The creation of the management cluster will fail with the following error.

Error: unable to set up management cluster: unable to create bootstrap cluster: failed to create kind cluster tkg-kind-#########: failed to init node with kubeadm: command 
"docker exec --privileged tkg-kind-##########-control-plane kubeadm init --skip-phases=preflight --config=/kind/kubeadm.conf --skip-token-print --v=6" failed with error: exit status 1

Environment

Tanzu kubernetes Grid 2.5.x

Red Hat Enterprise Linux 8

Cause

This will prevent the deletion and creation of the TKG Management cluster because the kind cluster will not boot. The deletion/creation will fail with the following error.

Error: unable to set up management cluster: unable to create bootstrap cluster: failed to create kind cluster tkg-kind-#########: failed to init node with kubeadm: command 
"docker exec --privileged tkg-kind-############-control-plane kubeadm init --skip-phases=preflight --config=/kind/kubeadm.conf --skip-token-print --v=6" failed with error: exit status 1

- Once the kind cluster comes up we can exec inside the container using the following command and check the journalctl logs of kubelet.

worker@host ~]$ 
[worker@host ~]$ docker ps
CONTAINER ID   IMAGE                                                                        COMMAND                  CREATED          STATUS         PORTS                       NAMES
0916a90b22e6   projects.registry.vmware.com/tkg/kind/node:v1.28.11_vmware.2-tkg.2_v0.20.0   "/usr/local/bin/entr…"   12 seconds ago   Up 6 seconds   127.0.0.1:44383->6443/tcp   tkg-kind-cu7sdpqo2gf8a4d4qdng-control-plane
[worker@host ~]$ 
[worker@host~]$ docker exec -it 0916a bash
root@tkg-kind-############-control-plane:/# 
root@tkg-kind-############-control-plane:/# 
root@tkg-kind-############-control-plane:/# journalctl -fu kubelet
-- Journal begins at Tue 2025-01-21 16:10:21 UTC. --

Jan 21 07:22:59 tkg-kind-##########-control-plane kubelet[2607]: I0121 07:22:59.517743    2607 state_mem.go:75] "Updated machine memory state"
Jan 21 07:22:59 tkg-kind-##########-control-plane kubelet[2607]: E0121 07:22:59.523846    2607 kubelet.go:1511] "Failed to start ContainerManager" err="failed to initialize top level QOS containers: root container [kubelet kubepods] doesn't exist"
Jan 21 07:22:59 tkg-kind-##########-control-plane systemd[1]: kubelet.service: Main process exited, code=exited, status=1/FAILURE
Jan 21 07:22:59 tkg-kind-##########-control-plane systemd[1]: kubelet.service: Failed with result 'exit-code'.

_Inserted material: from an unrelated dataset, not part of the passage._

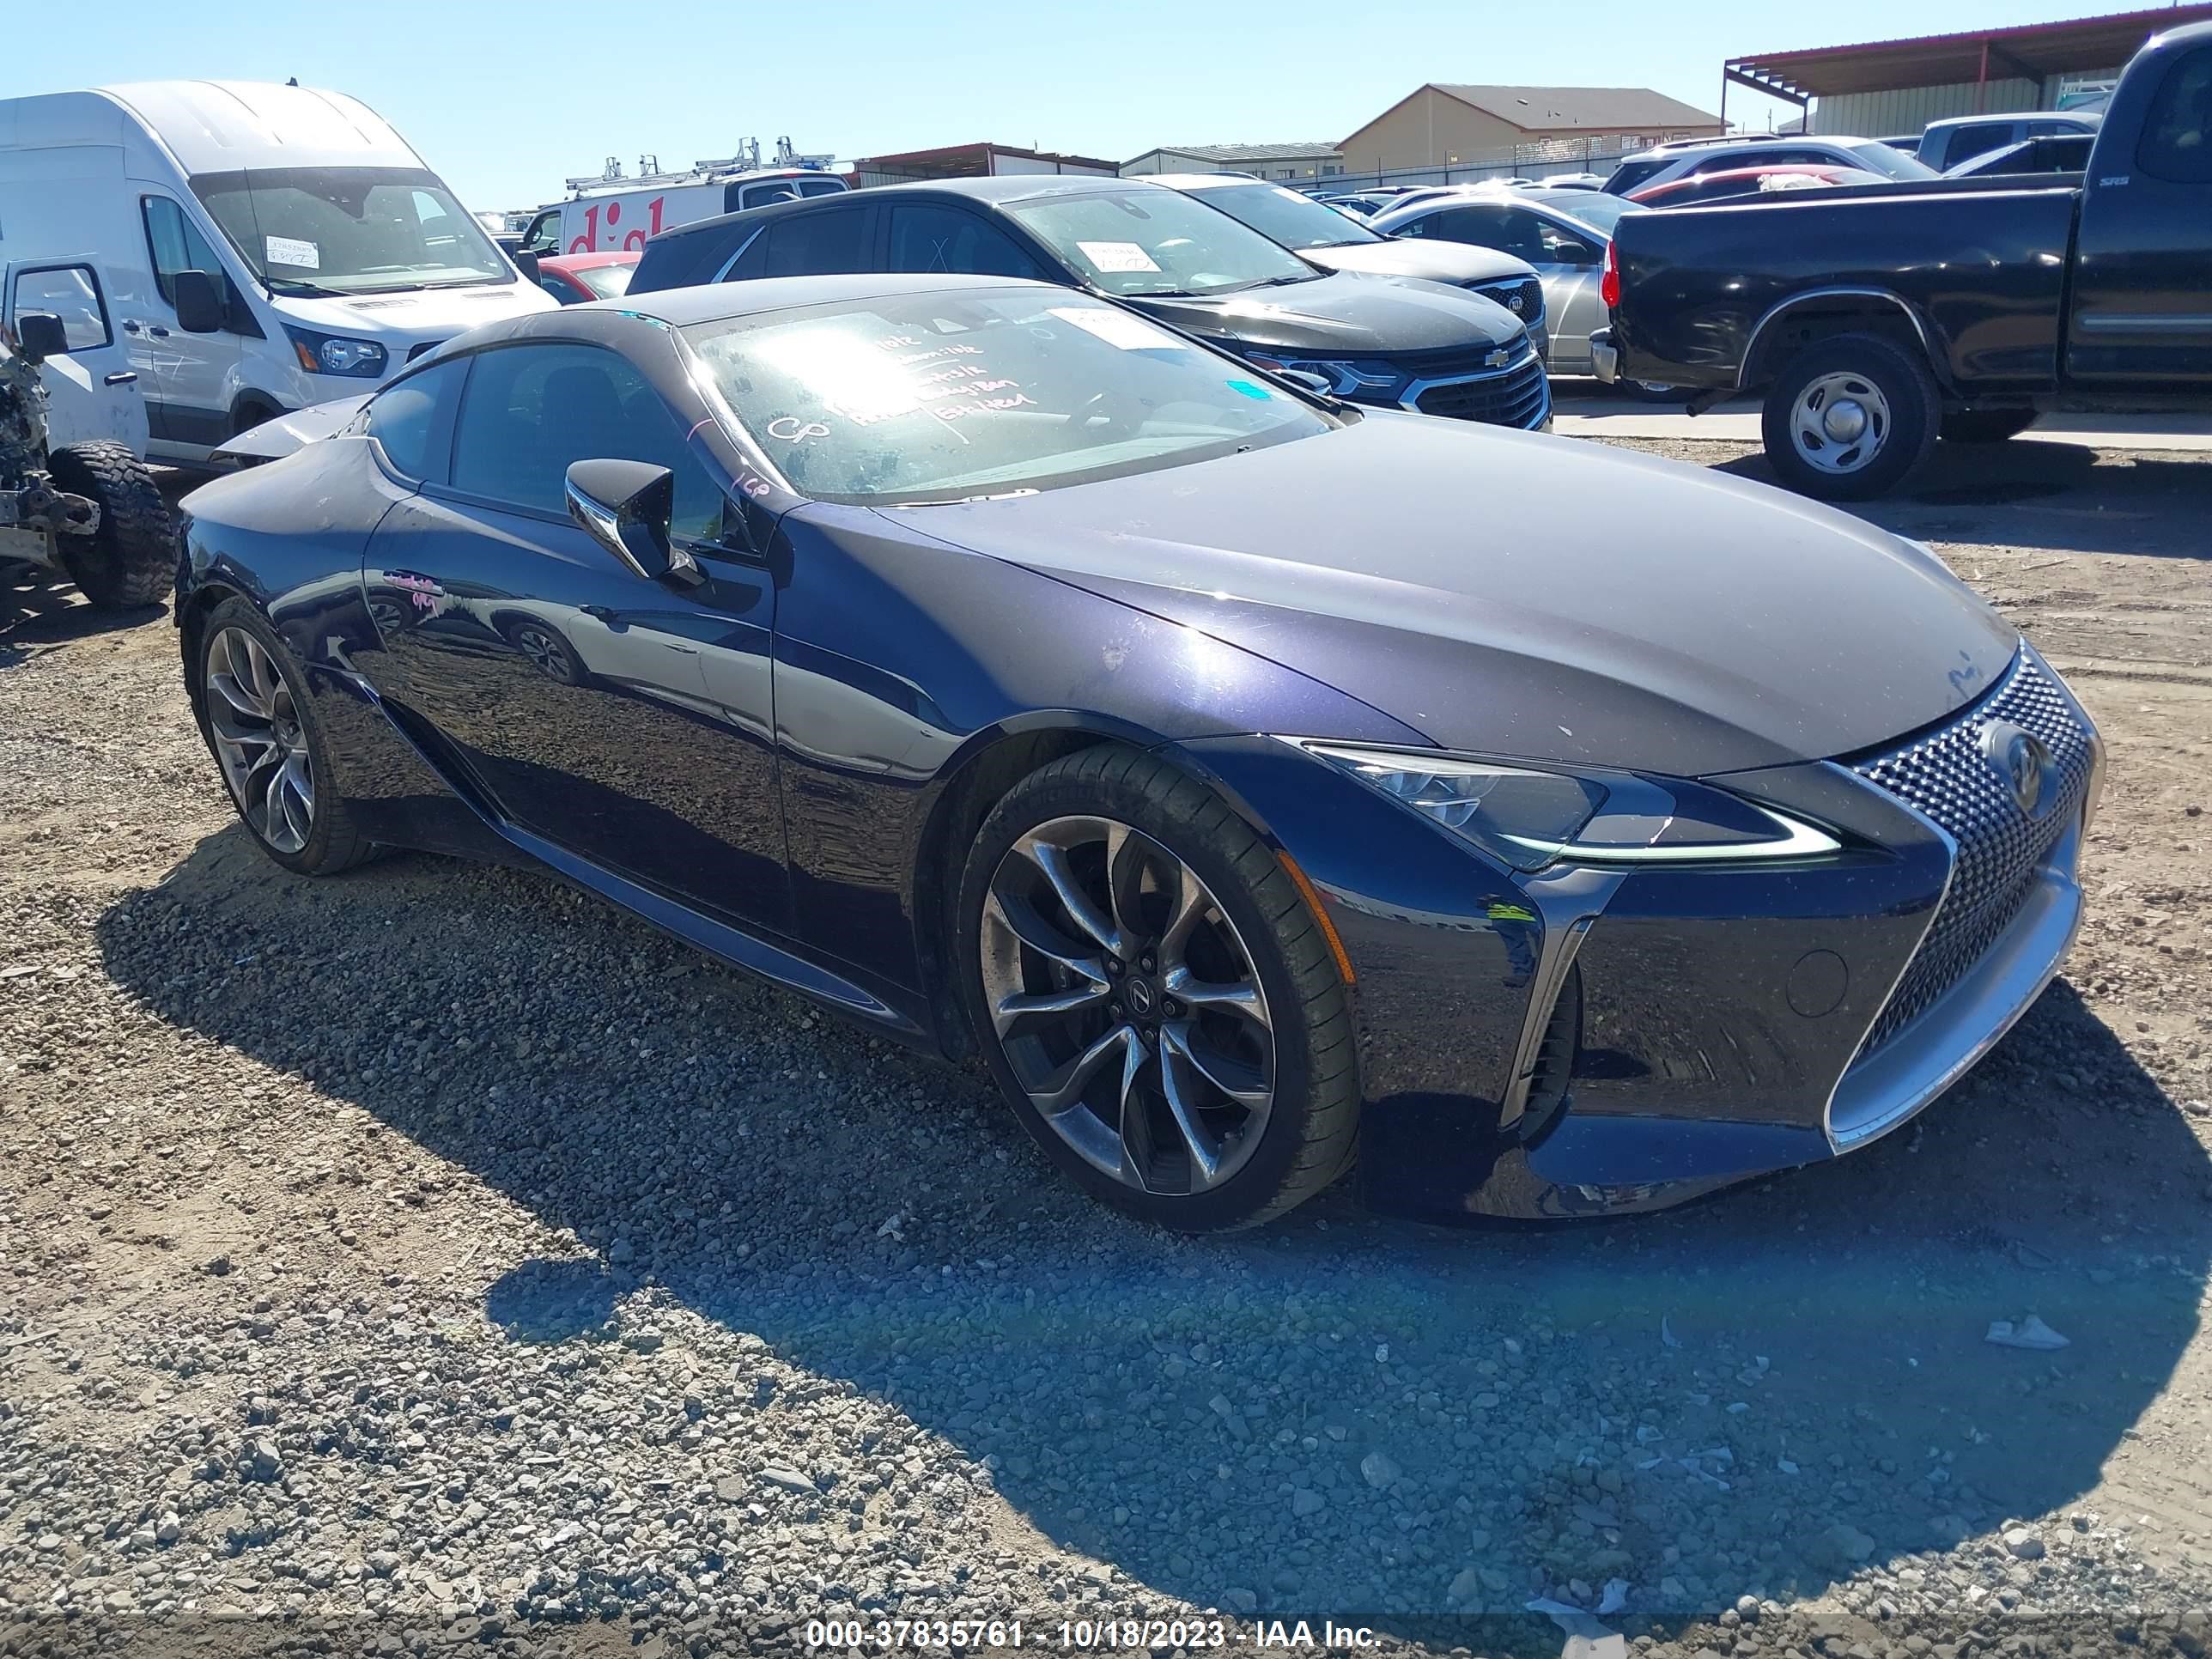 vin: JTHAP5AY7MA100290 JTHAP5AY7MA100290 2021 lexus lc 5000 for Sale in 78616, 2191 Highway 21 West, Dale, USA

- From the kubelet logs we can see the error "err="failed to initialize top level QOS containers: root container [kubelet kubepods] doesn't exist"

- To check the current CGroup version we can run the docker info command.

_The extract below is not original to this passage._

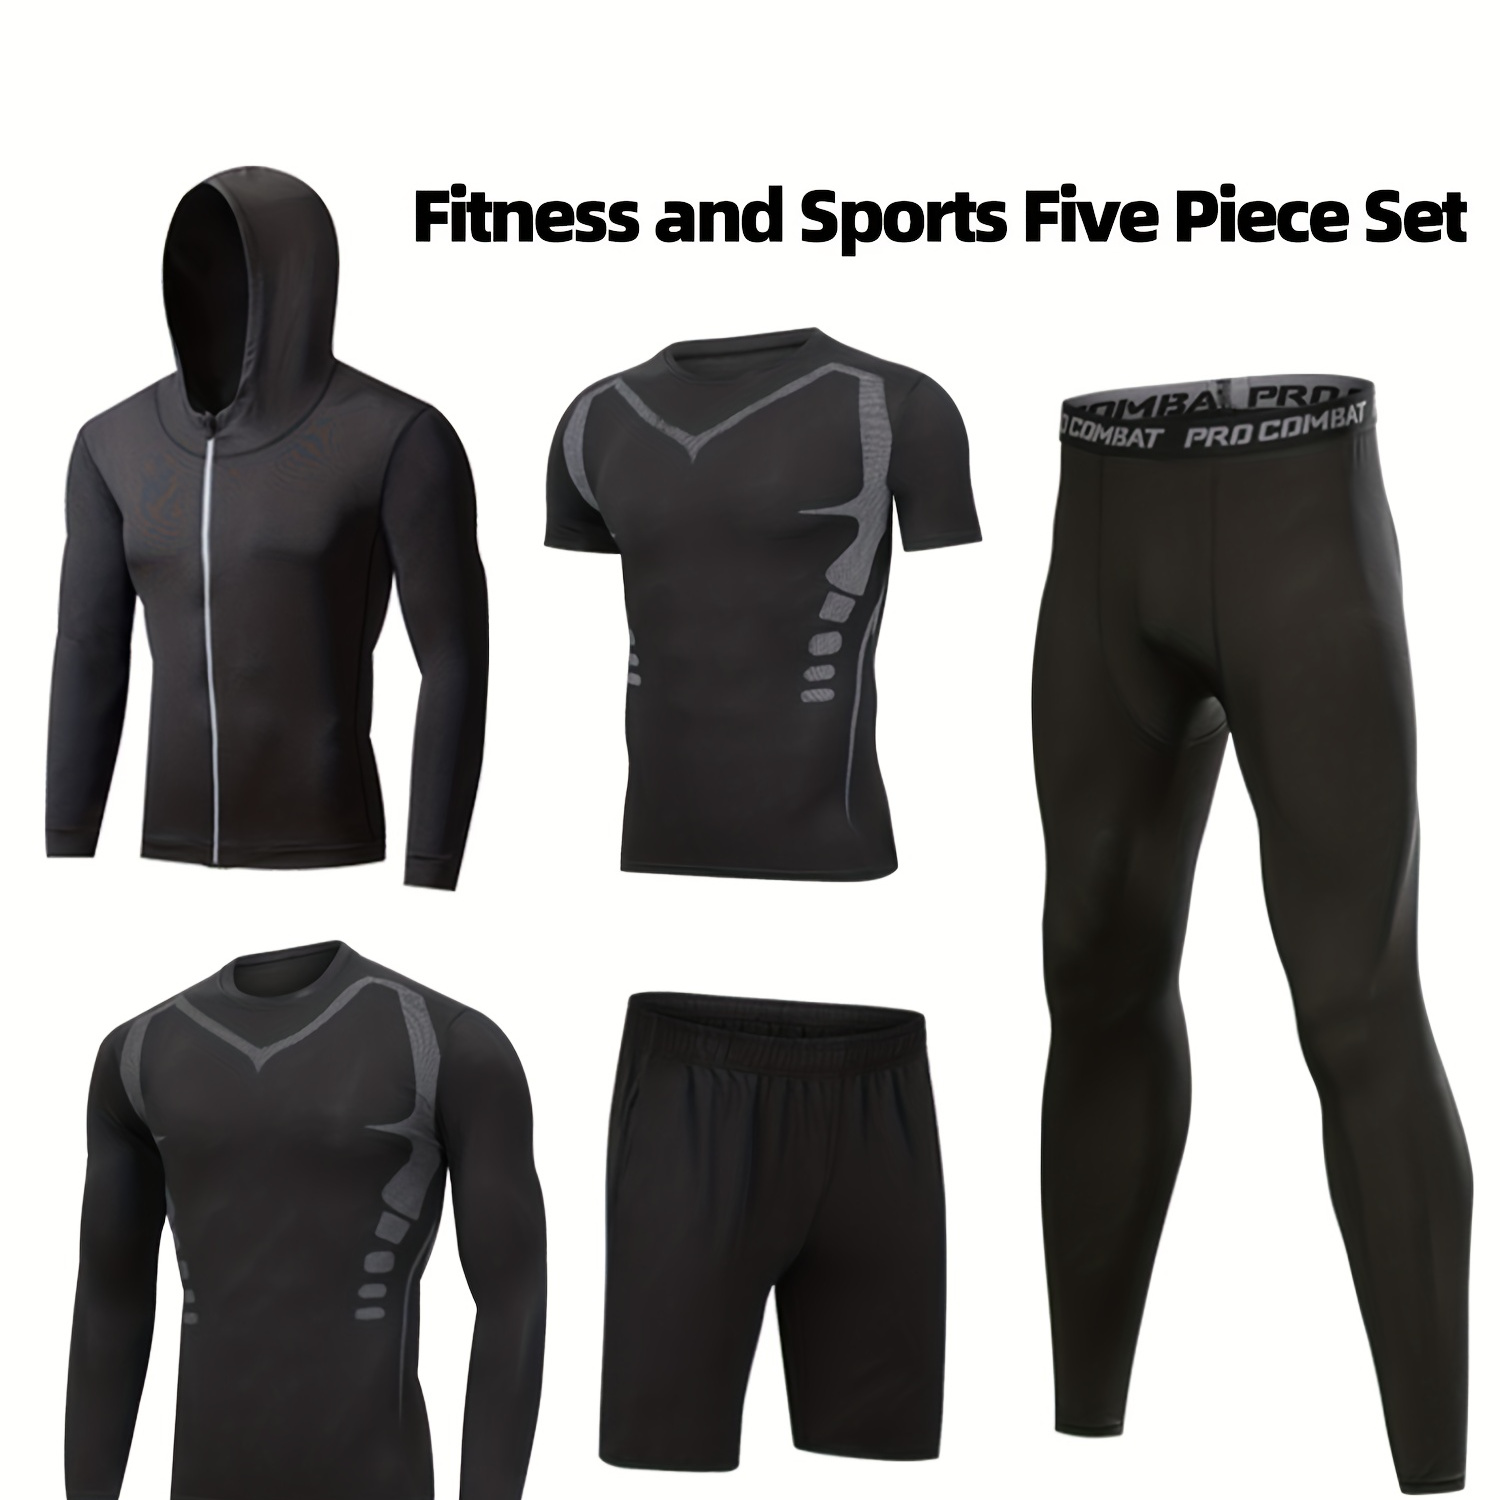 

5-piece Men's Solid Fitness Sportswear Suits, Long Sleeve Hooded Zip-up Sweatshirt + Short Sleeve Compression T-shirt +long Sleeve Compression T-shirt + Breathable Shorts + Mid Stretch Leggings

$ docker info | grep Cgroup  
Cgroup Driver: systemd  
Cgroup Version: 1

- The mount command also shows the similar output.

[worker@host ~]$ mount -l | grep cgroup
tmpfs on /sys/fs/cgroup type tmpfs (ro,nosuid,nodev,noexec,mode=755)
cgroup on /sys/fs/cgroup/systemd type cgroup (rw,nosuid,nodev,noexec,relatime,xattr,release_agent=/usr/lib/systemd/systemd-cgroups-agent,name=systemd)
cgroup on /sys/fs/cgroup/freezer type cgroup (rw,nosuid,nodev,noexec,relatime,freezer)
cgroup on /sys/fs/cgroup/pids type cgroup (rw,nosuid,nodev,noexec,relatime,pids)
cgroup on /sys/fs/cgroup/blkio type cgroup (rw,nosuid,nodev,noexec,relatime,blkio)
cgroup on /sys/fs/cgroup/hugetlb type cgroup (rw,nosuid,nodev,noexec,relatime,hugetlb)

Resolution

- Mounting cgoups-v2

Prerequisites

You have root permissions.

Procedure

By default RHEL8 runs on cgroup-v1 . You can switch to using cgroup-v2 by adding systemd.unified_cgroup_hierarchy=1 parameter on the kernel command line and reboot

Using grubby tool

To modify the kernel command line, you can use the grubby tool:

# grubby --update-kernel=ALL --args="systemd.unified_cgroup_hierarchy=1"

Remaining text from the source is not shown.